Single by Max Gazzè

from the album Tra l'aratro e la radio
- Released: 2008
- Genre: Pop
- Label: OTRlive
- Songwriters: Francesco Gazzè, Max Gazzè

Max Gazzè singles chronology
| "Splendere ogni giorno il sole" (2005) | "Il solito sesso" (2008) | "Mentre dormi" (2010) |

Audio
- "Il solito sesso" on YouTube

= Il solito sesso =

"Il solito sesso" ('The usual sex') is a 2008 song by Max Gazzè, from his album Tra l'aratro e la radio.

== Overview ==
Built as a long telephone conversation between two lovers, the song was composed by Gazzè with his brother Francesco, and entered the 58th edition of the Sanremo Music Festival, where it ranked 12th. It replaced the initial choice for the festival "Siamo come siamo". During the festival was also performed by Gazzè together with Paola Turci and Marina Rei.
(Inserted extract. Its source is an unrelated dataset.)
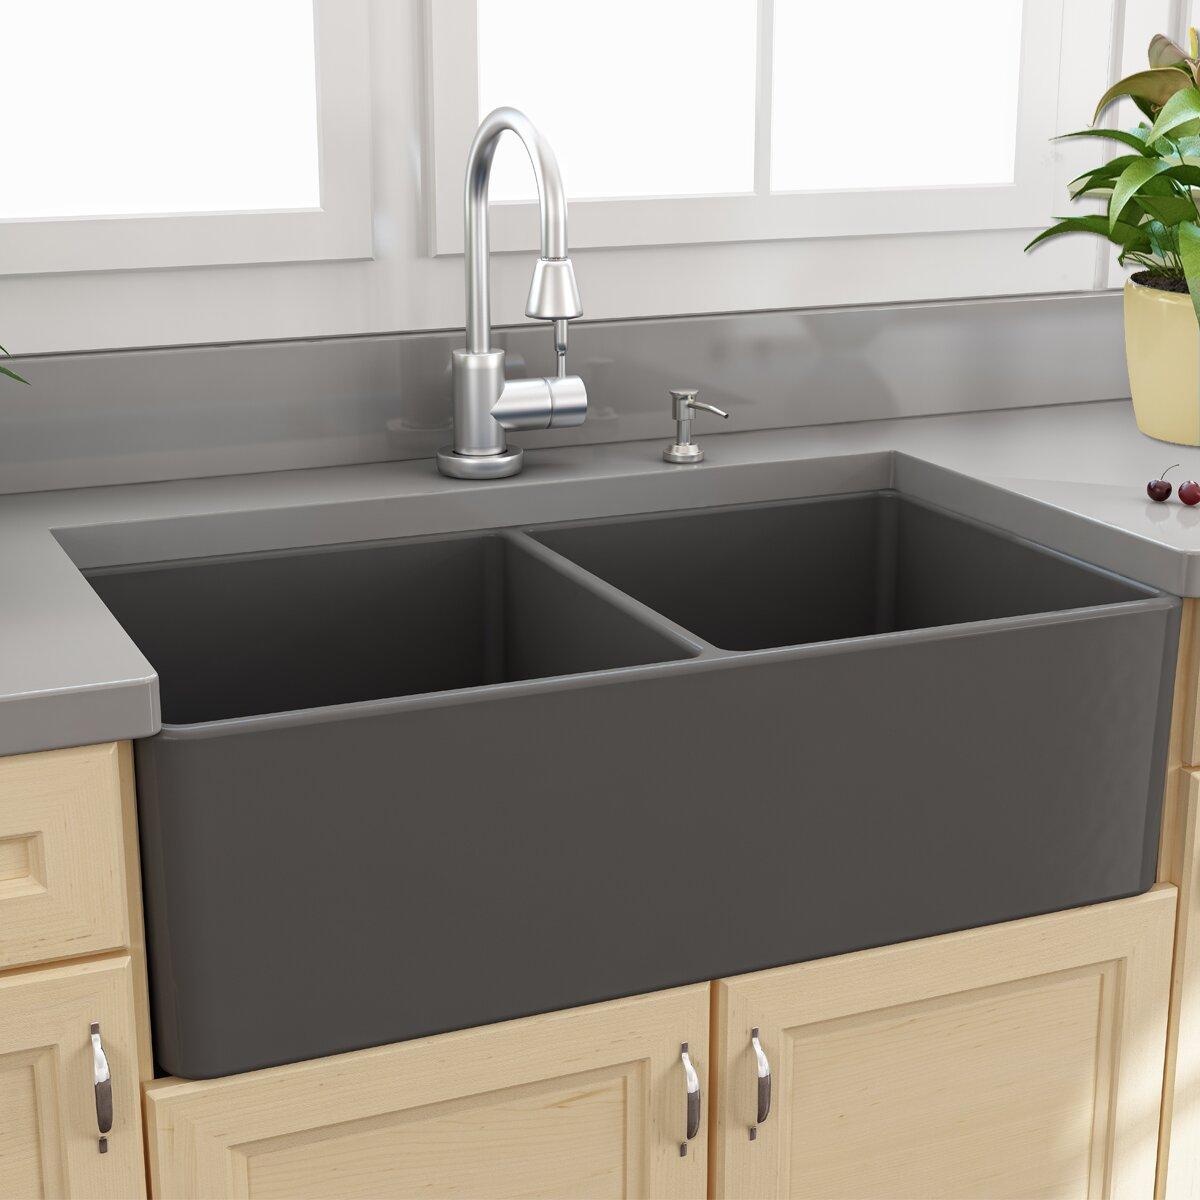 Nantucket  Double Bowl Gray Fireclay Kitchen Sink

It has been described as a "highly sophisticated manifesto of subtle allusions".

==Charts==

| Chart | Peak position |
|---|---|
| Italy (FIMI) | 4 |
| Italy Airplay (Nielsen Music Control) | 2 |

==Certifications==

| Region | Certification | Certified units/sales |
| Italy Sales in 2008 | — | 35,000 |
| Italy (FIMI) Sales from 2009 | 2× Platinum | 200,000^{‡} |
^{‡} Sales+streaming figures based on certification alone.